Quando o assunto é maternidade

Quando o assunto é maternidade, parece que há uma espécie de aura mística que cerca as mães. Elas ganham superpoderes, como a capacidade de fazer várias coisas ao mesmo tempo, decifrar choros de bebês e, claro, resistir a qualquer cansaço. No entanto, o mito de que a maternidade automaticamente te transforma em uma entidade diferente fisicamente ainda é forte. Afinal, quem nunca ouviu a famosa frase: “Nem parece que é mãe”?

É quase como se a sociedade esperasse que a mãe devesse carregar um letreiro neon escrito “Sou mãe”, que, por algum motivo, estaria estampado em seu corpo. As pessoas ficam genuinamente chocadas quando encontram uma mãe que continua, digamos, inteira — como se tivessem imaginado que o parto envolvesse a perda de uma parte do corpo, um braço, uma perna, quem sabe?

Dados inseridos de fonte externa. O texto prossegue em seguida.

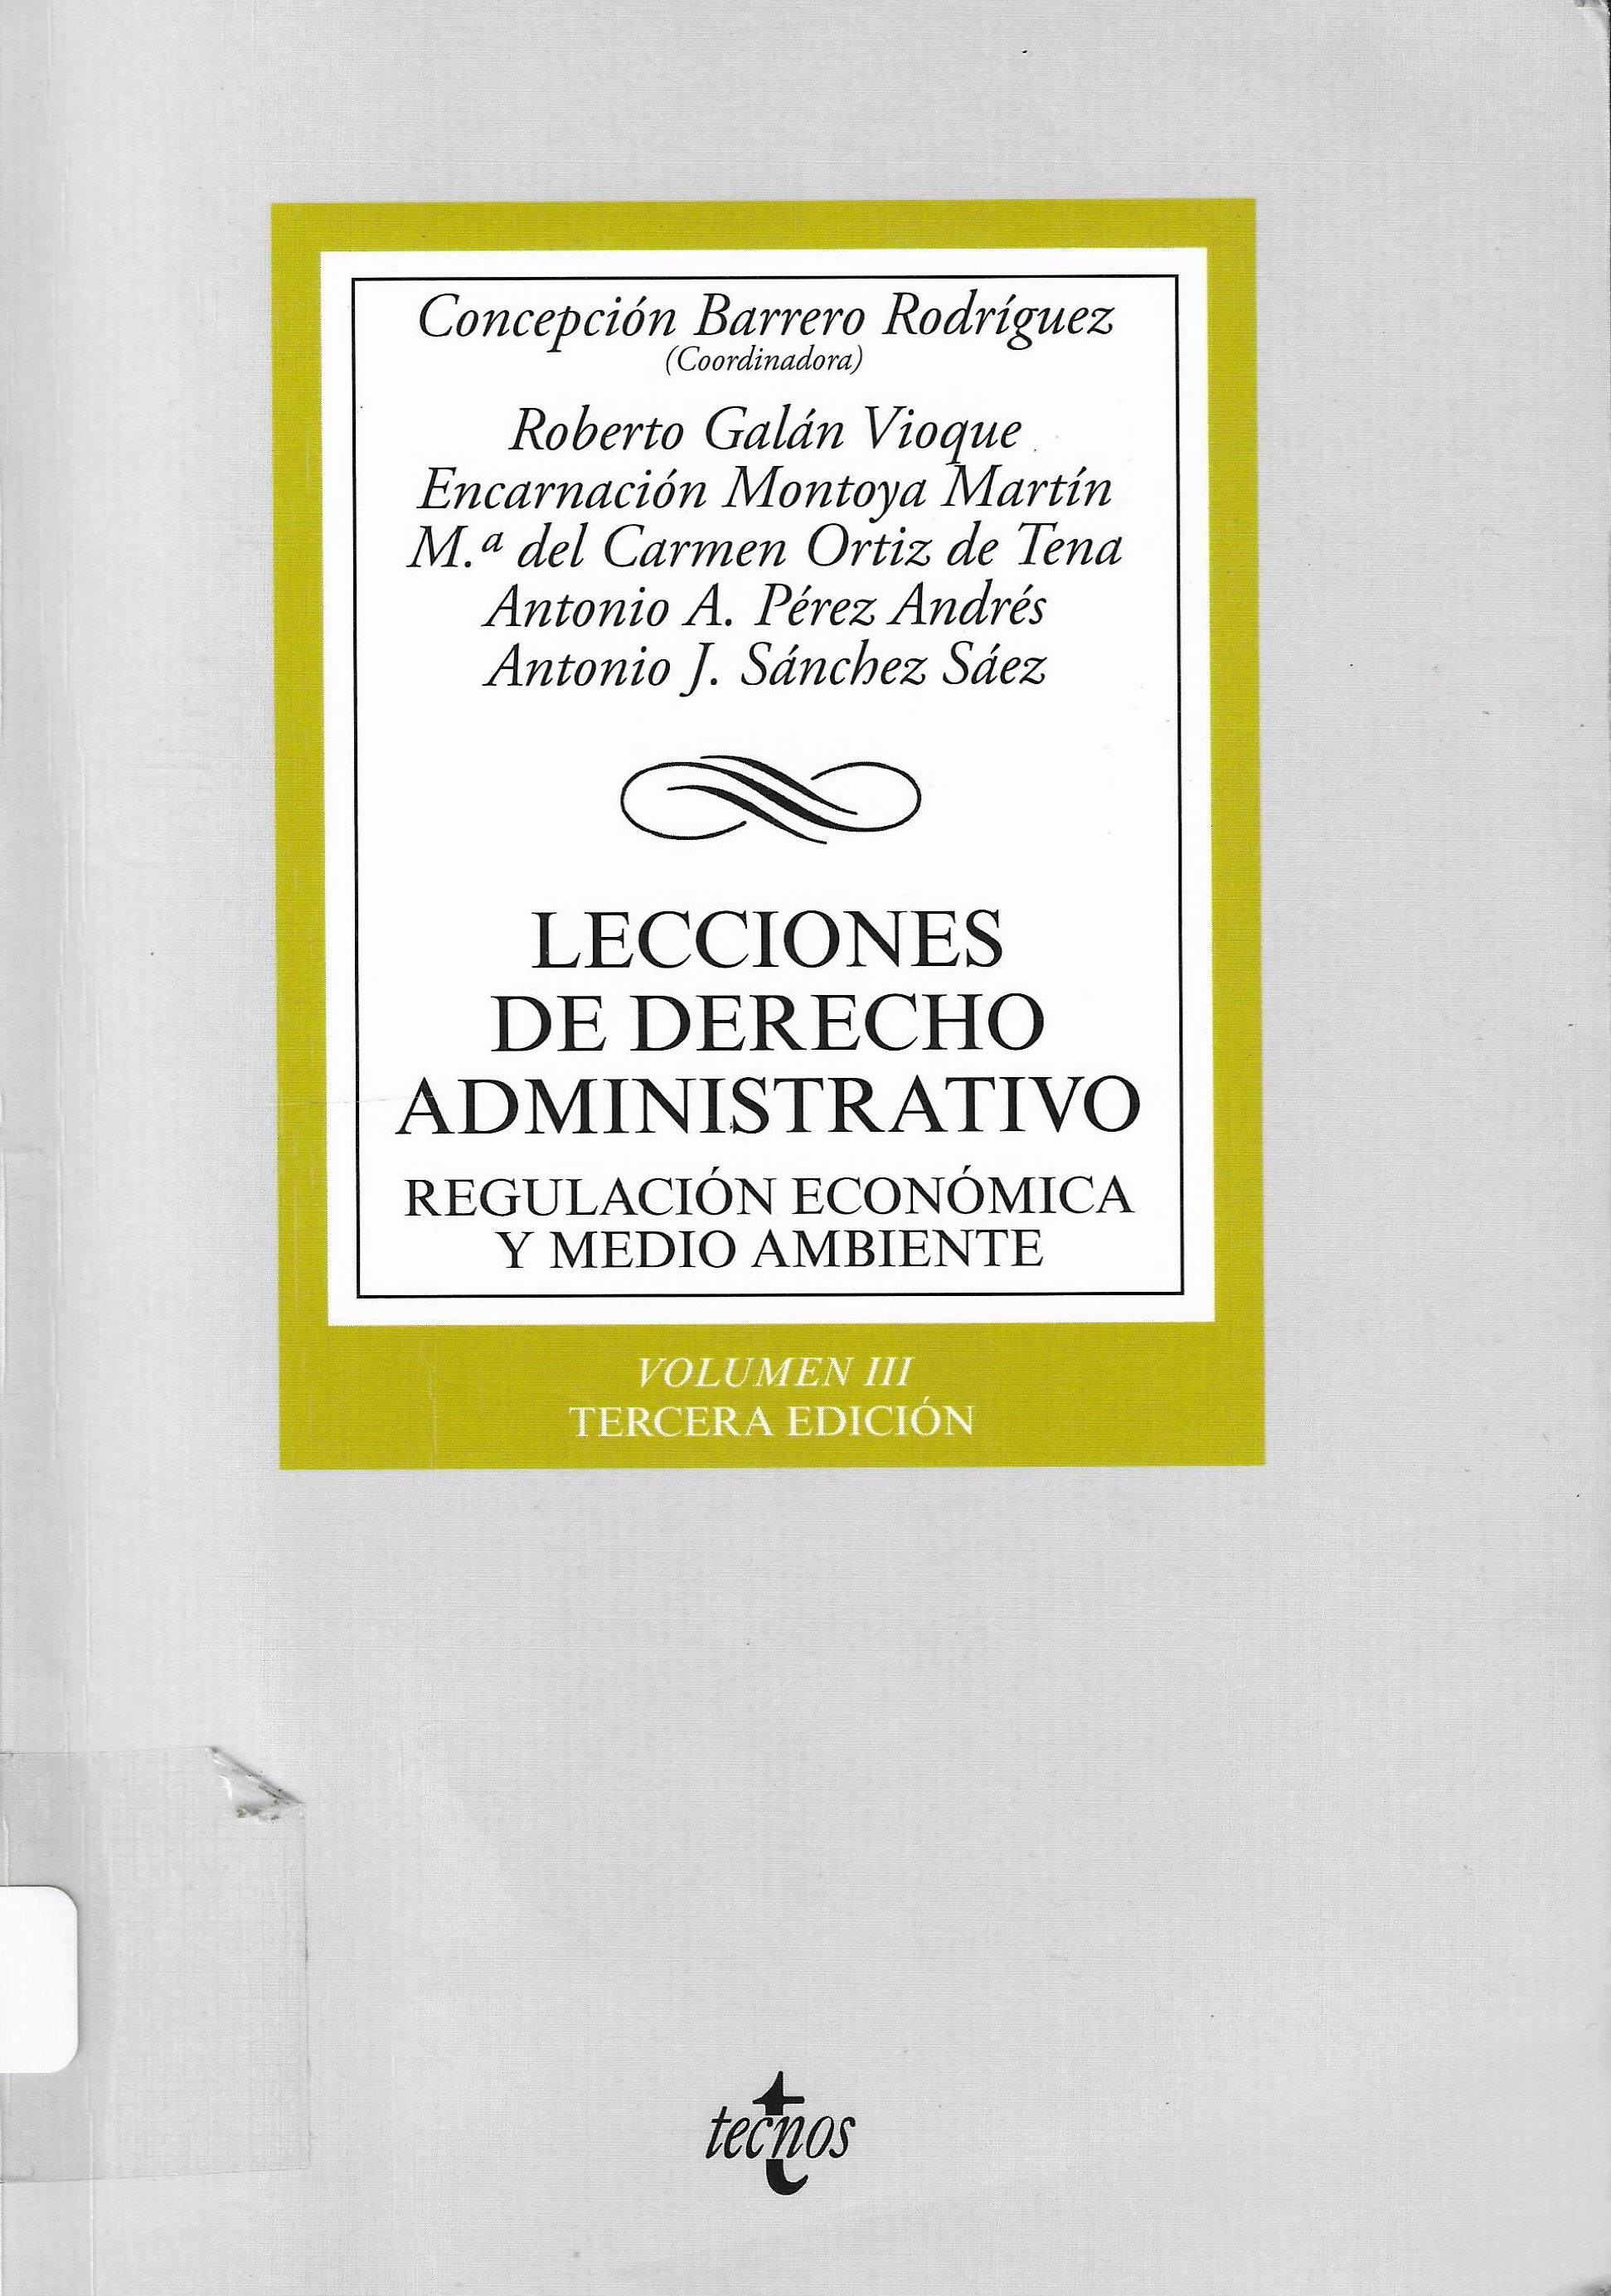 Imagen de portada del libro Lecciones de derecho administrativo

Mas o mais engraçado é essa noção bizarra de que a mulher, ao se tornar mãe, deveria, por algum motivo, ser facilmente identificável por uma transformação física misteriosa. A realidade é que as mães, assim como qualquer ser humano, têm suas batalhas diárias, mas continuam sendo elas mesmas, às vezes até com um toque a mais de força e resiliência.

No fim das contas, a maternidade é mesmo um superpoder, mas sem necessidade de rótulos ou mudanças drásticas no corpo. E quem realmente acredita que ser mãe significa “deixar de ser inteira” claramente não entende como essas mulheres mantêm tudo funcionando, inclusive elas mesmas!